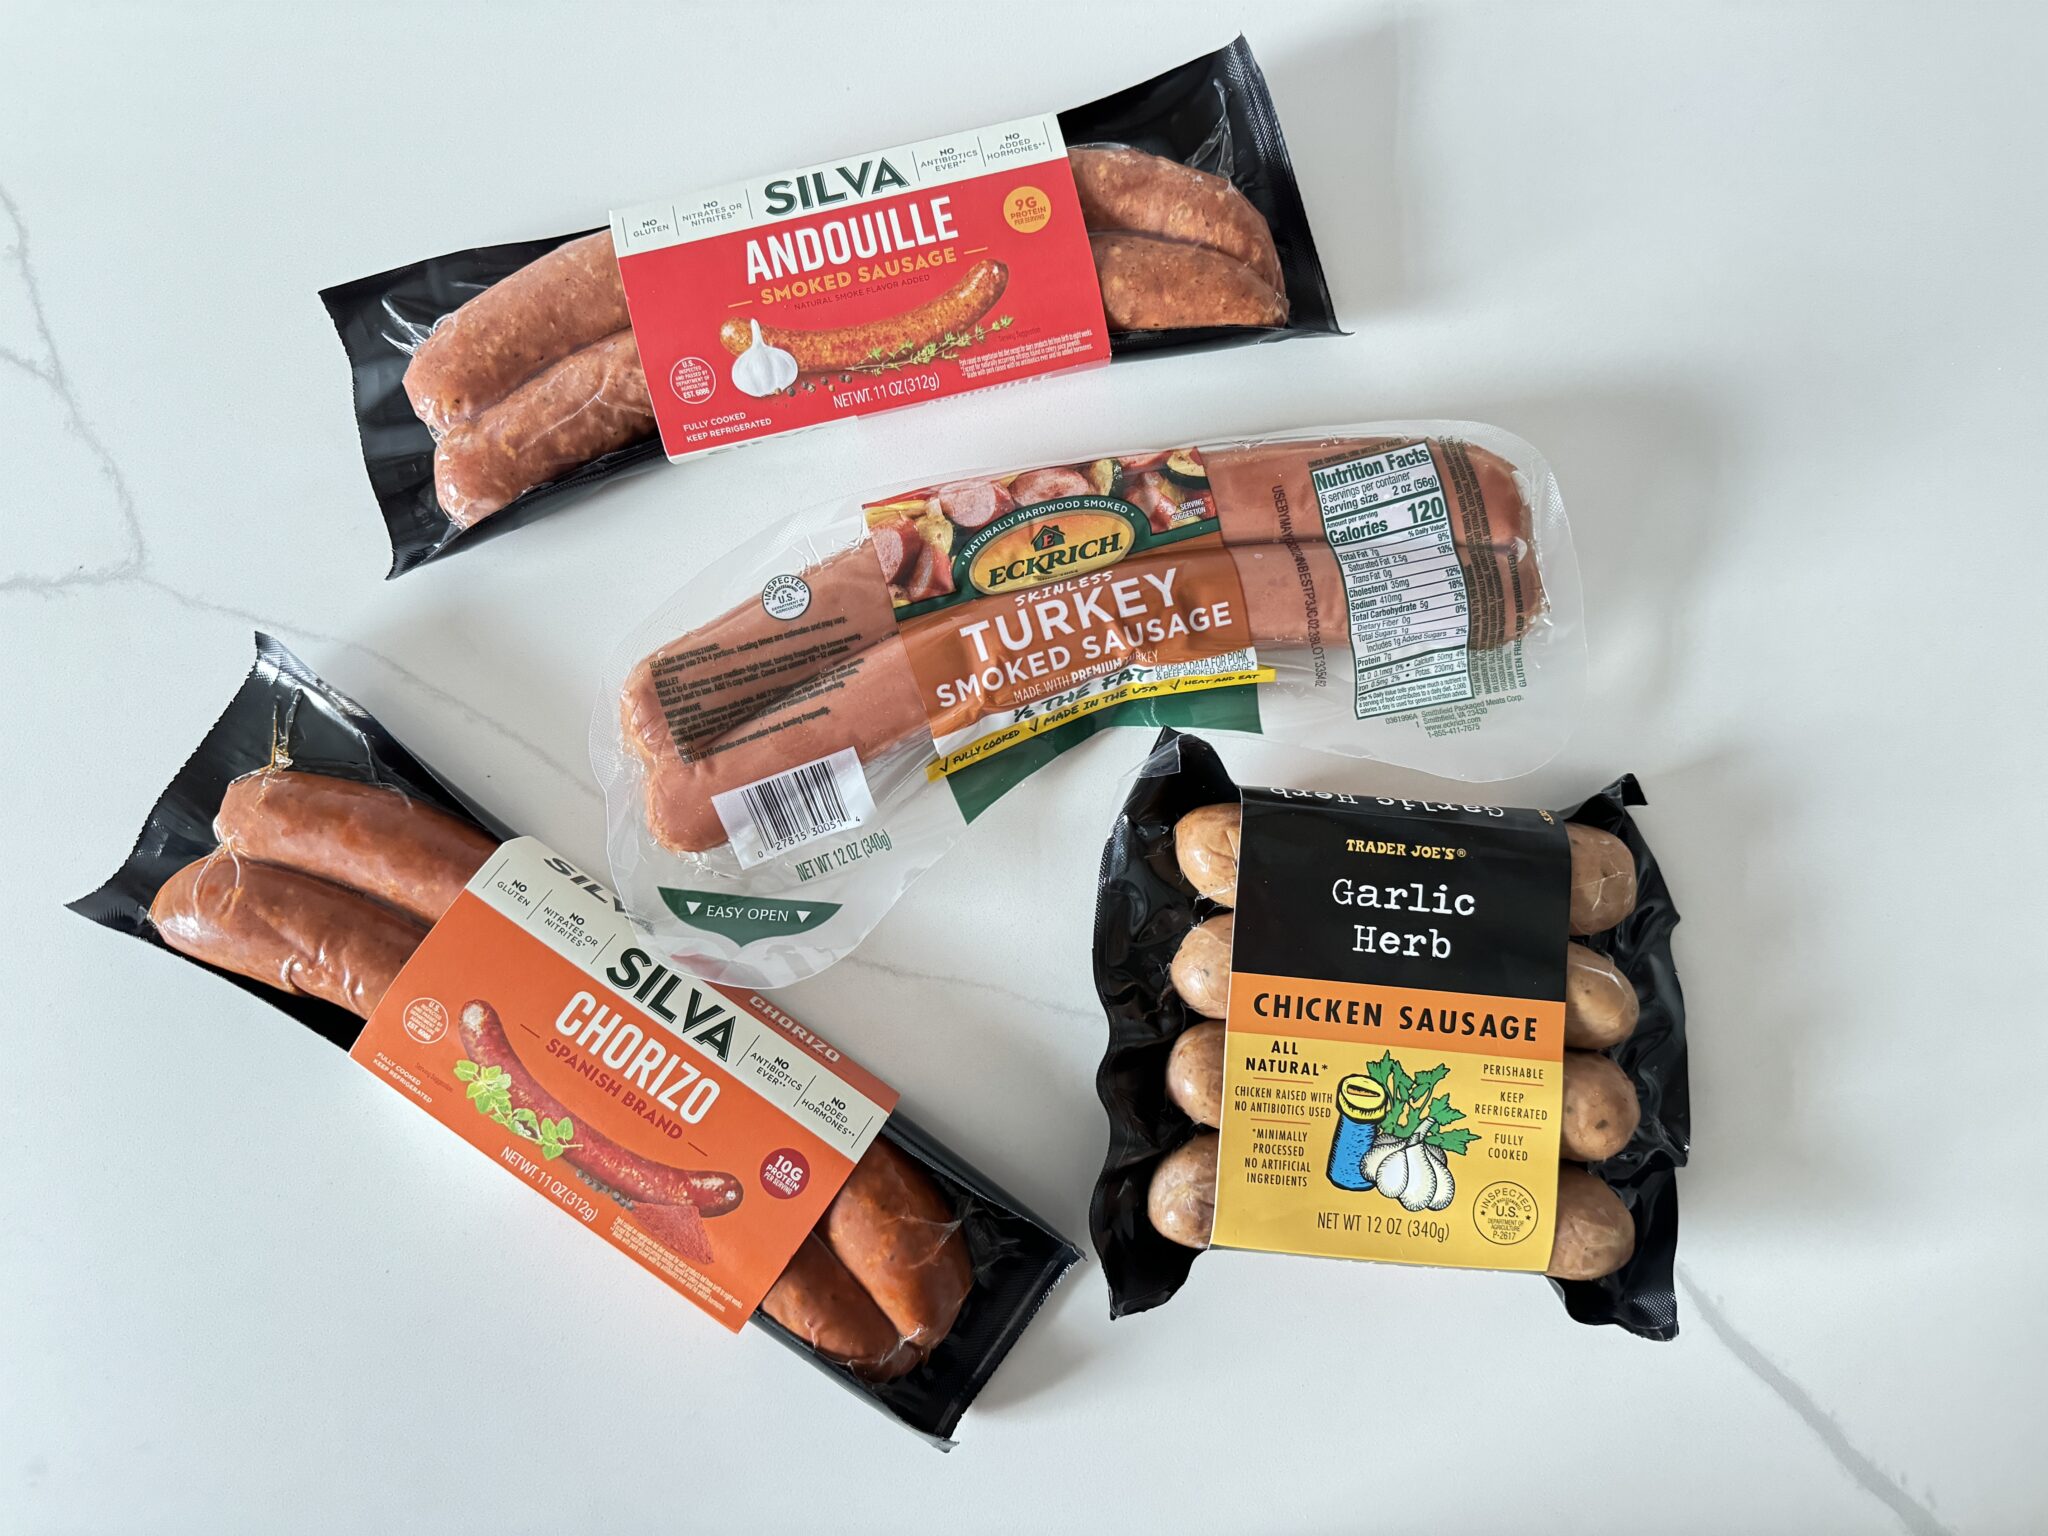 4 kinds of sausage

...

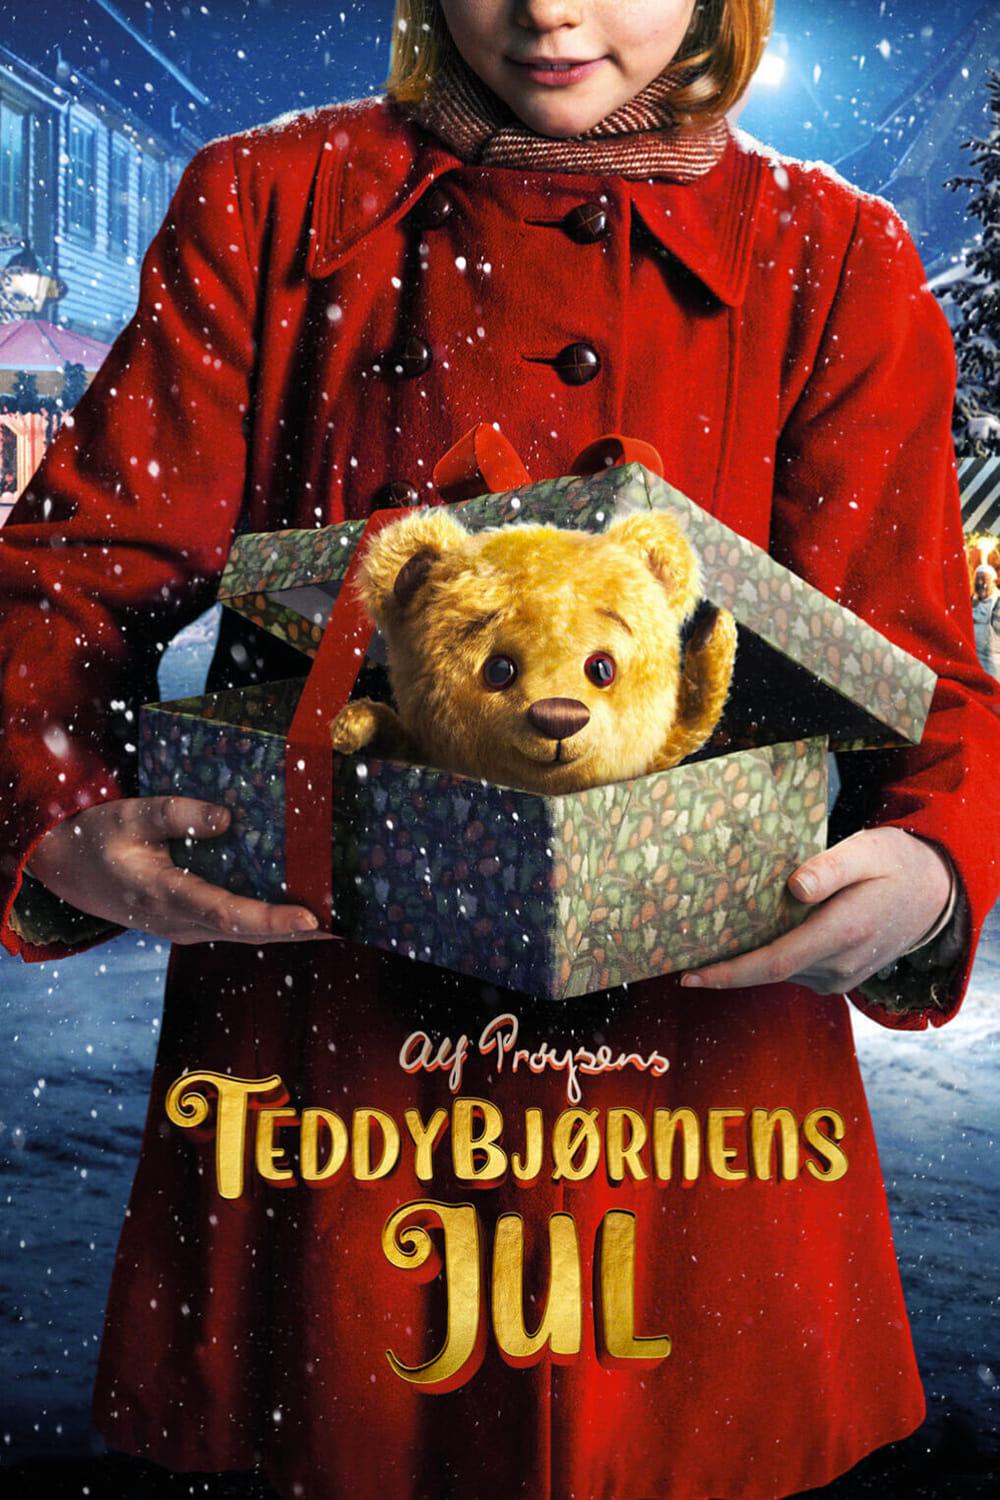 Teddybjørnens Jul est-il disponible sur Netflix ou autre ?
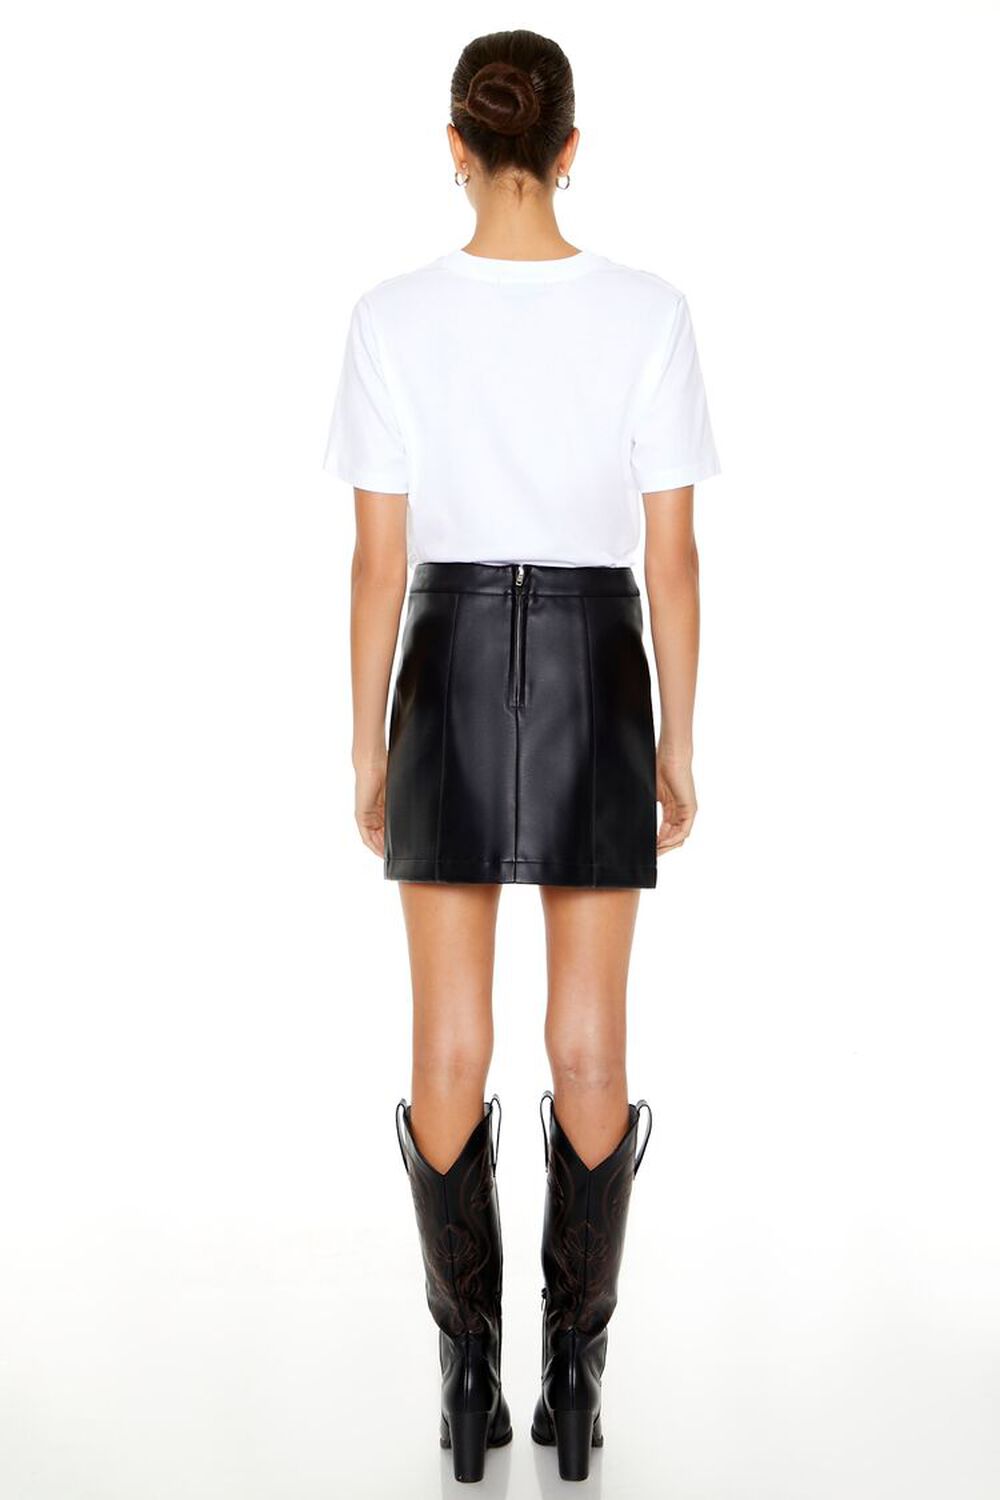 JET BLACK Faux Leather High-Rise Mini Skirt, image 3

* * *

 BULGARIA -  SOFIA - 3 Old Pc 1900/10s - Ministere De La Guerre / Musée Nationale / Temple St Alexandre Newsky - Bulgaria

Task brief: What you return must match the lines above from the one with "Teddybjørnens Jul est-il" through the one with "JET BLACK Faux" exactly, with both ends included and the pictures excluded.

Your response:
 Teddybjørnens Jul est-il disponible sur Netflix ou autre ?
 JET BLACK Faux Leather High-Rise Mini Skirt, image 3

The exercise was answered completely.